*** Opening of INFORMATION PROVIDED ***

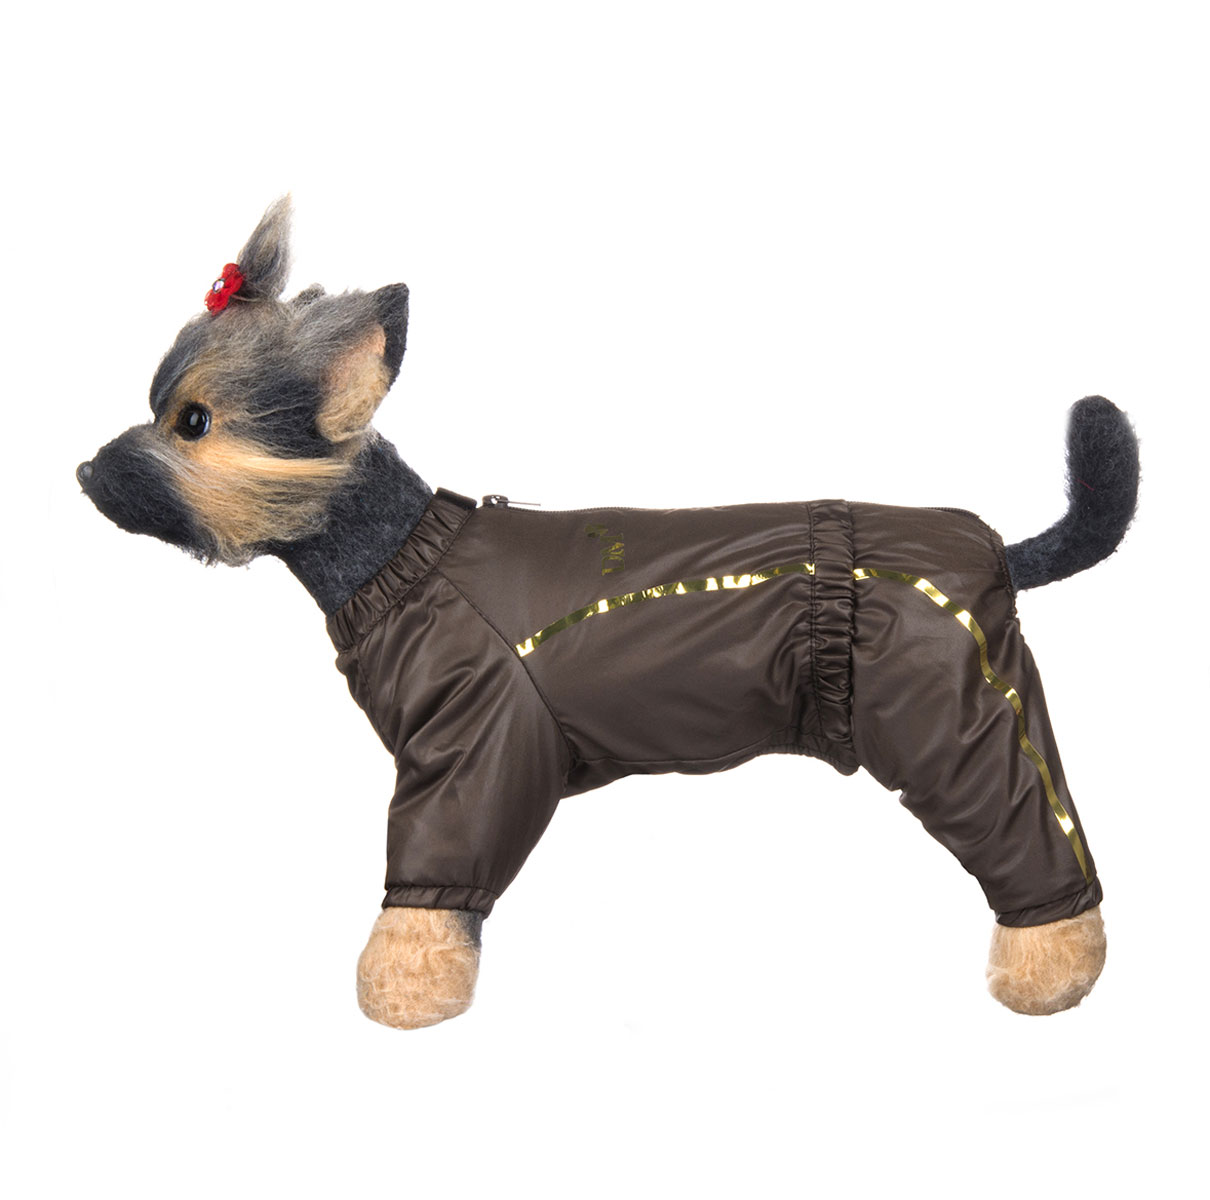 Комбинезон для собак Dogmoda Альпы, для мальчика, цвет: коричневый. Размер 2 (M)DM-150330-2Комбинезон для собак Dogmoda Альпы отлично подойдет для прогулок поздней осенью или ранней весной. Комбинезон изготовлен из полиэстера, защищающего от ветра и осадков, с подкладкой из флиса, которая сохранит тепло и обеспечит отличный воздухообмен. Комбинезон застегивается на молнию и липучку, благодаря чему его легко надевать и снимать. Ворот, низ рукавов и брючин оснащены внутренними резинками, которые мягко обхватывают шею и лапки, не позволяя просачиваться холодному воздуху. На пояснице имеется внутренняя резинка. Изделие декорировано золотистыми полосками и надписью DM.Благодаря такому комбинезону простуда не грозит вашему питомцу и он не даст любимцу продрогнуть на прогулке.Одежда для собак: нужна ли она и как её выбрать. Статья OZON Гид
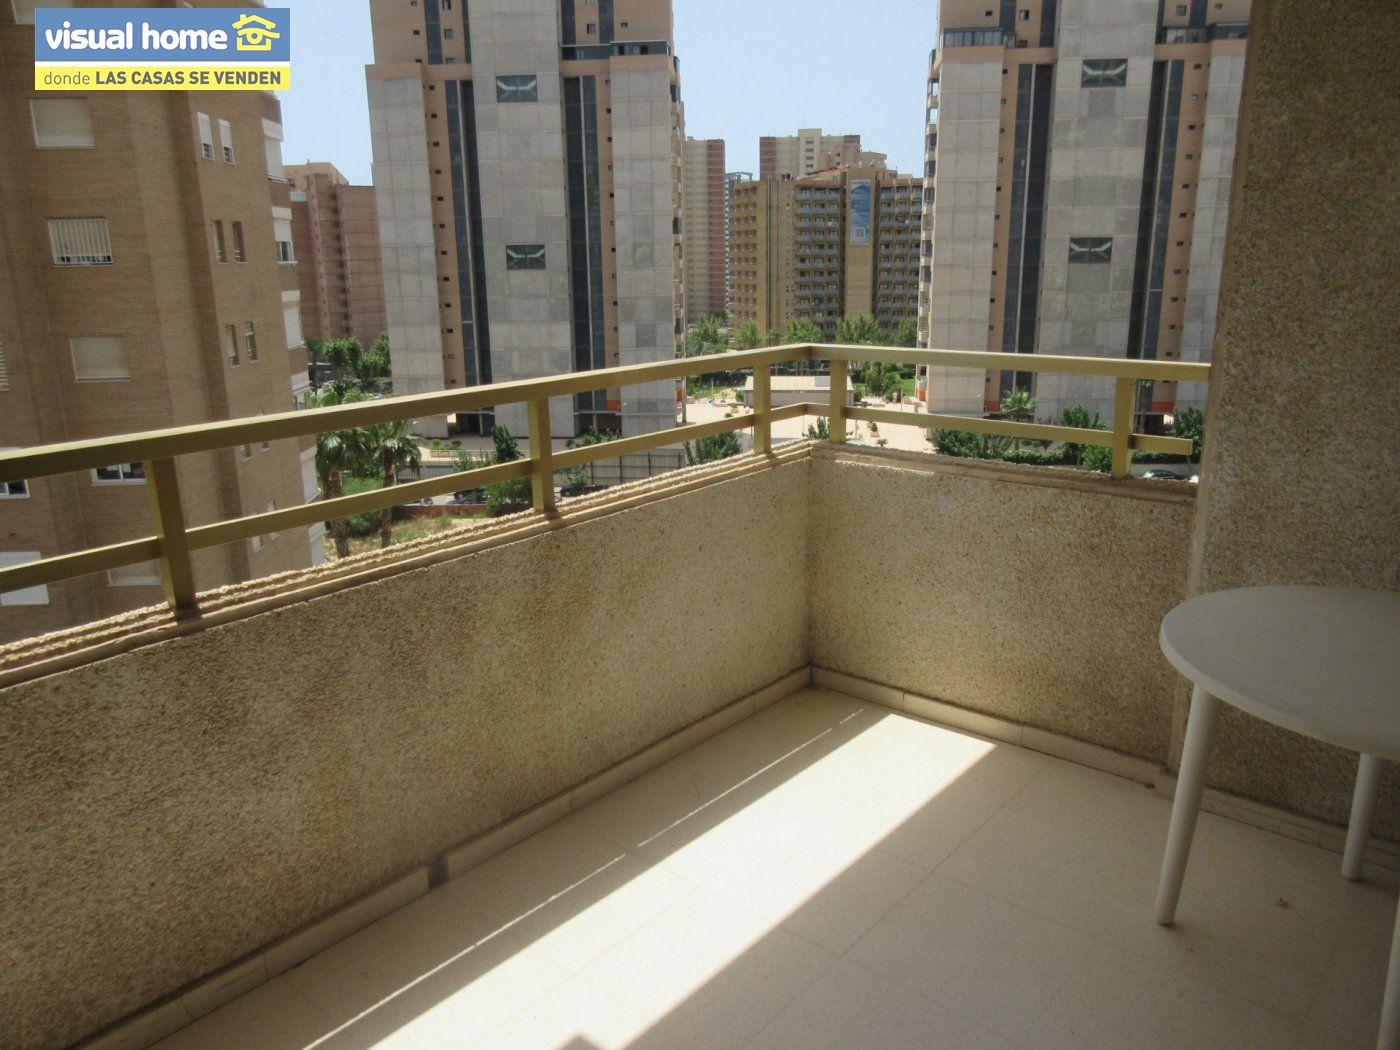 ¡¡¡ Oportunidad !!! Apartamento zona Levante de un dormitorio con parking y piscina 3
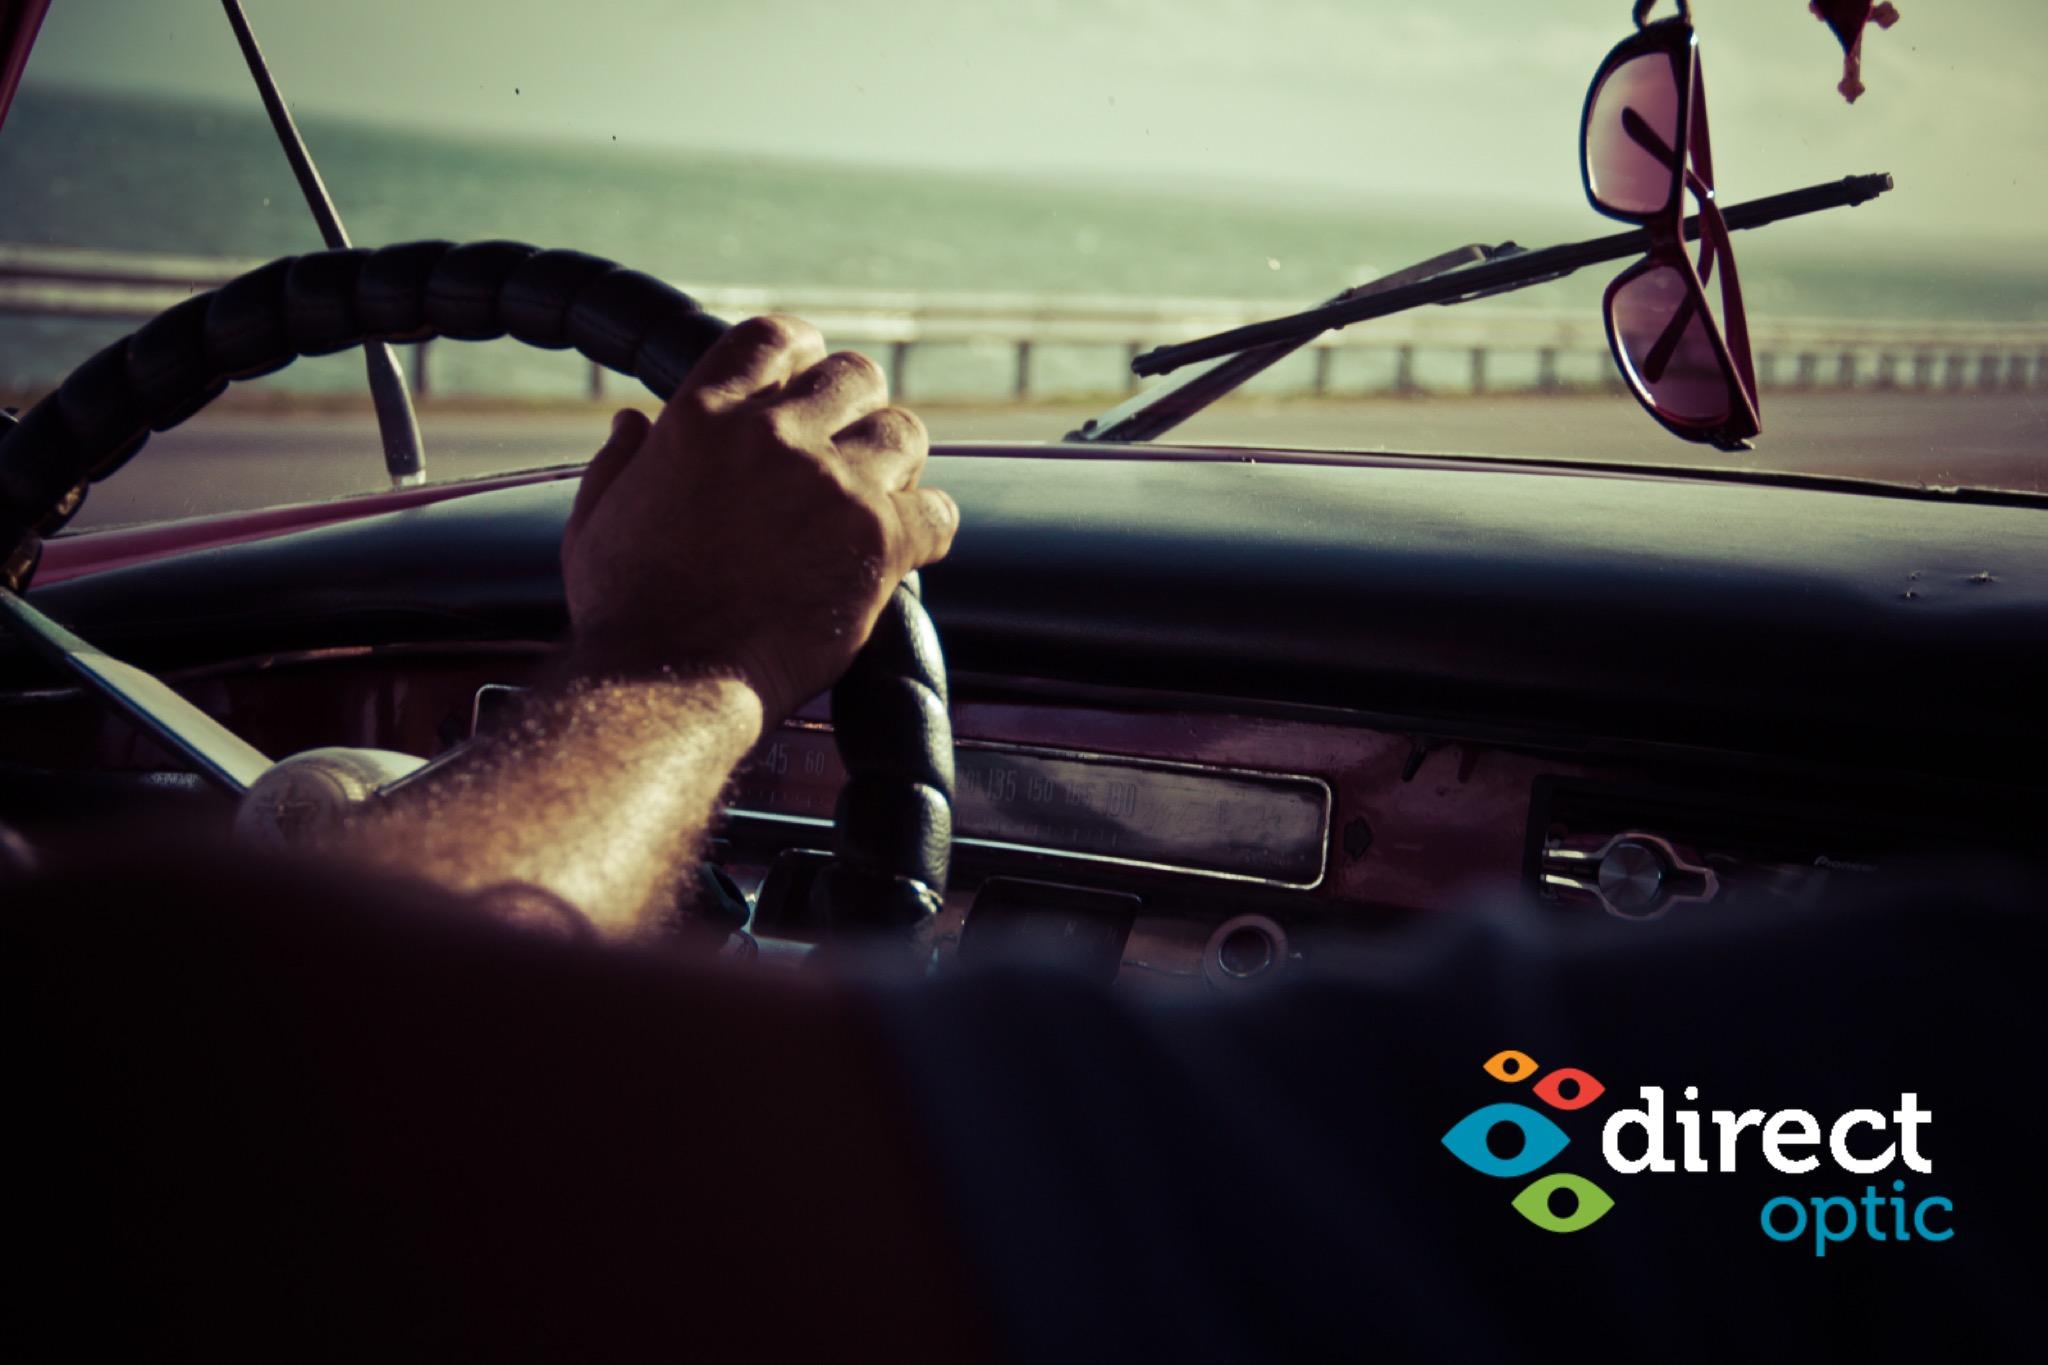 occhiali alla guida con Direct Optic Italia

*** Close of INFORMATION PROVIDED ***

[WORK REQUIRED] None of the pictures belong in the copy. Write out exactly the lines from the line that holds "y piscina 3" through the last line of the listing above, both ends included.

[ANSWER TO THIS EXERCISE]
 ¡¡¡ Oportunidad !!! Apartamento zona Levante de un dormitorio con parking y piscina 3
 occhiali alla guida con Direct Optic Italia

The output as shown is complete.